After all that, we ended part 4, by arriving at this odd looking diagram below…

What you are looking at is something called the CALL model, which stands for “Conditions to Actionable Lessons Learnt”. I originally developed the model with Dialogue Mapping and knowledge management in mind – essentially to help my clients do a better job of integrating double loop learning into their projects.

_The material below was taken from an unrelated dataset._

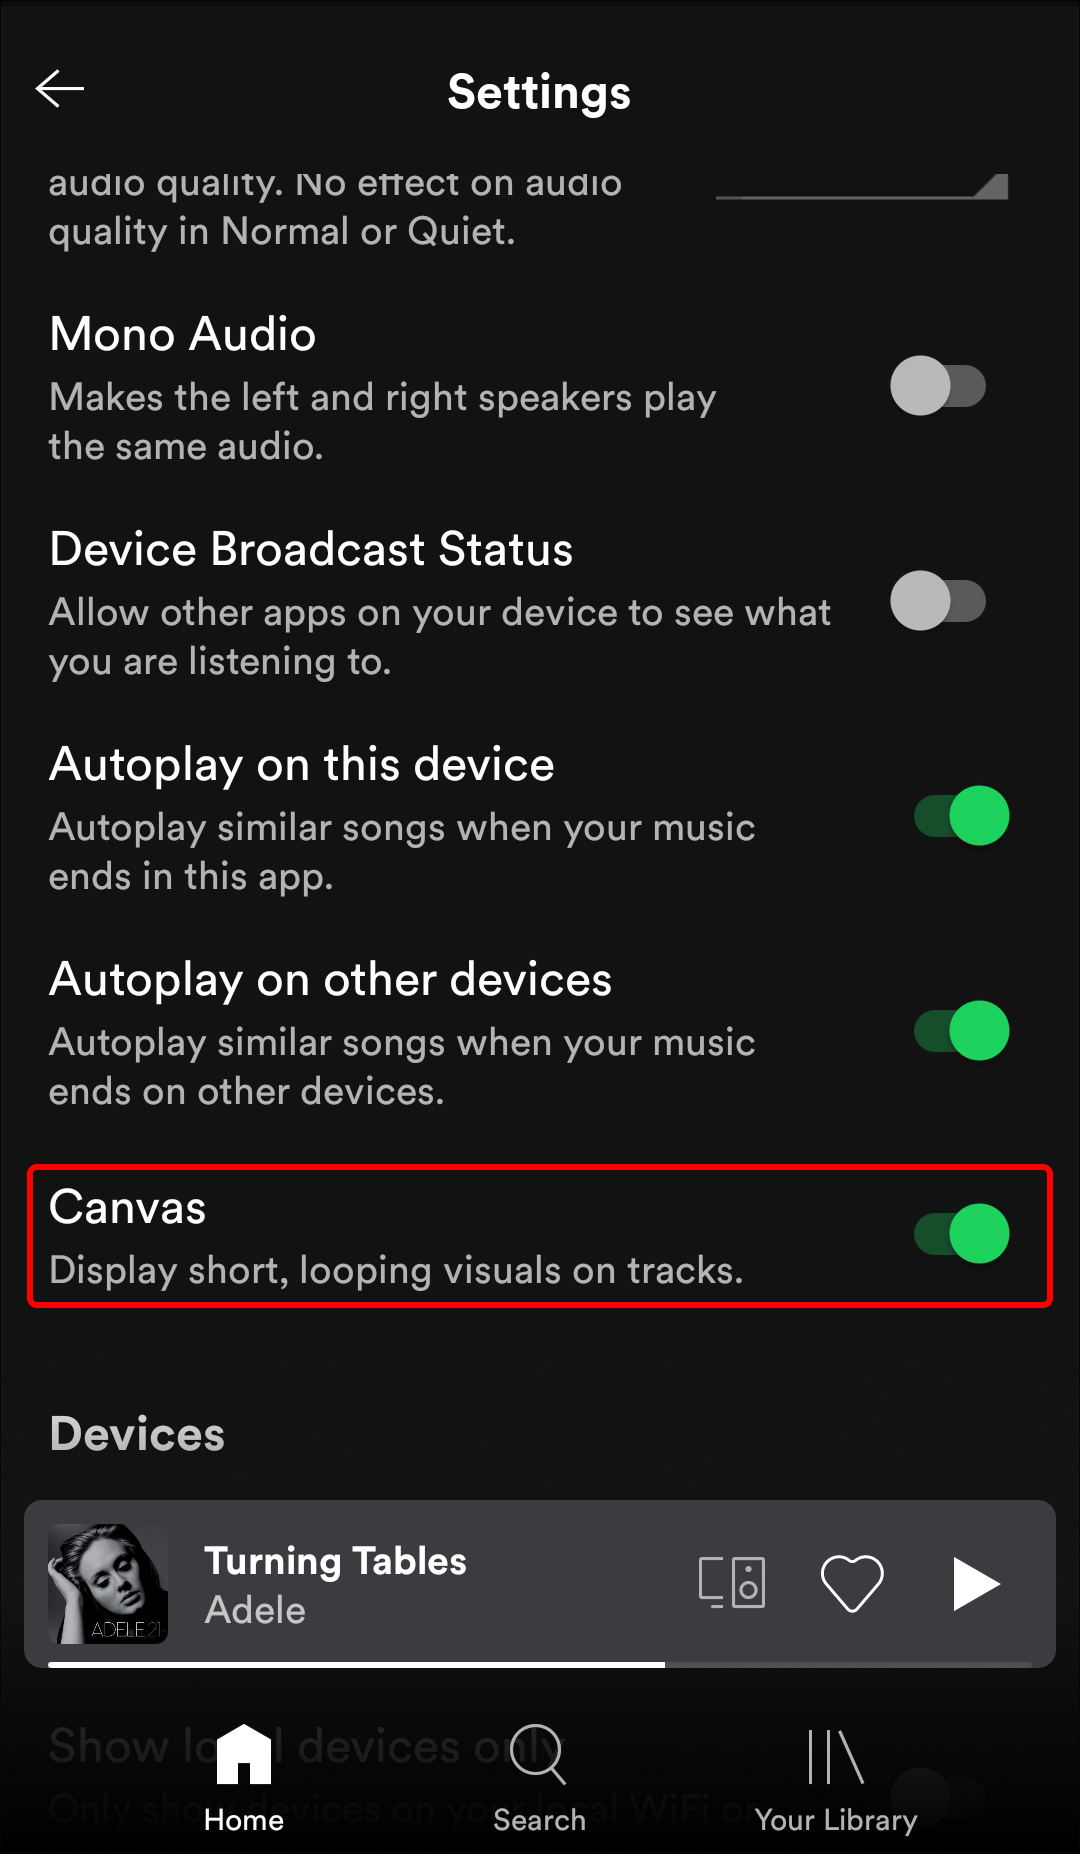 Canvas trên Spotify là một tính năng độc đáo giúp cho người dùng có thể tạo những đoạn video ngắn với âm nhạc. Tính năng này cho phép bạn dễ dàng tạo ra những video hack não với âm nhạc và hình ảnh đầy ấn tượng. Hãy xem ảnh về cách bật tắt Canvas trên Spotify để khám phá tính năng này.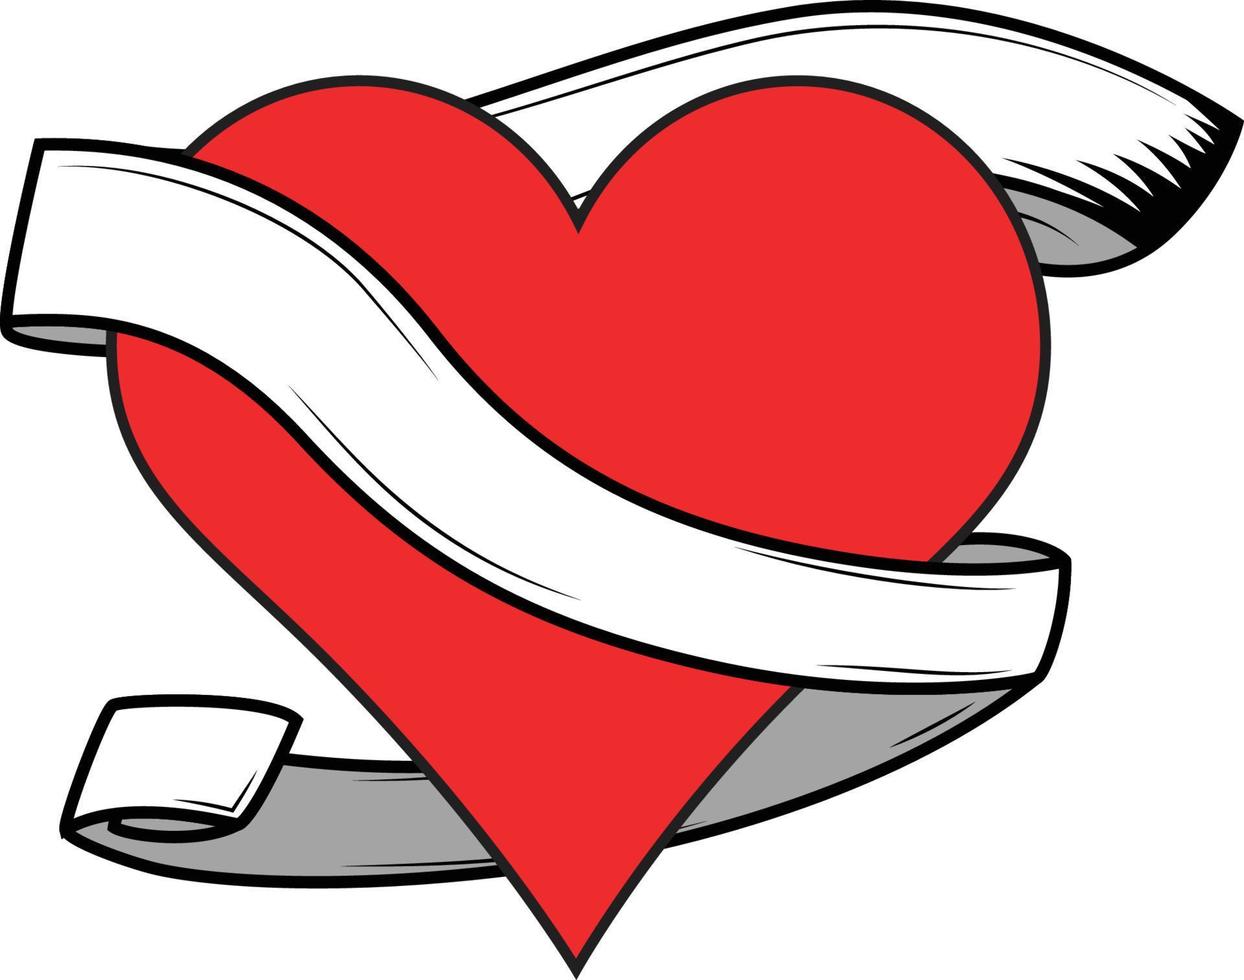 corazones, jugando tarjeta símbolo con un vacío bandera, Desplazarse alrededor él, logo modelo o diseño recursos vector ilustración

However, it soon became apparent that it was valuable in various SharePoint contexts too.

Single vs. double loop learning

In the previous paragraph I made a reference to “double loop learning” without explaining what it was, so let’s quickly make amends because it is interesting stuff. The idea of single and double loop learning has been around for close to 40 years – it was in 1974 when Chris Argyris came up with the idea. To explain, let’s bring back our trusty SharePoint 2010 governance poster that I trash-talked in the first and fourth articles…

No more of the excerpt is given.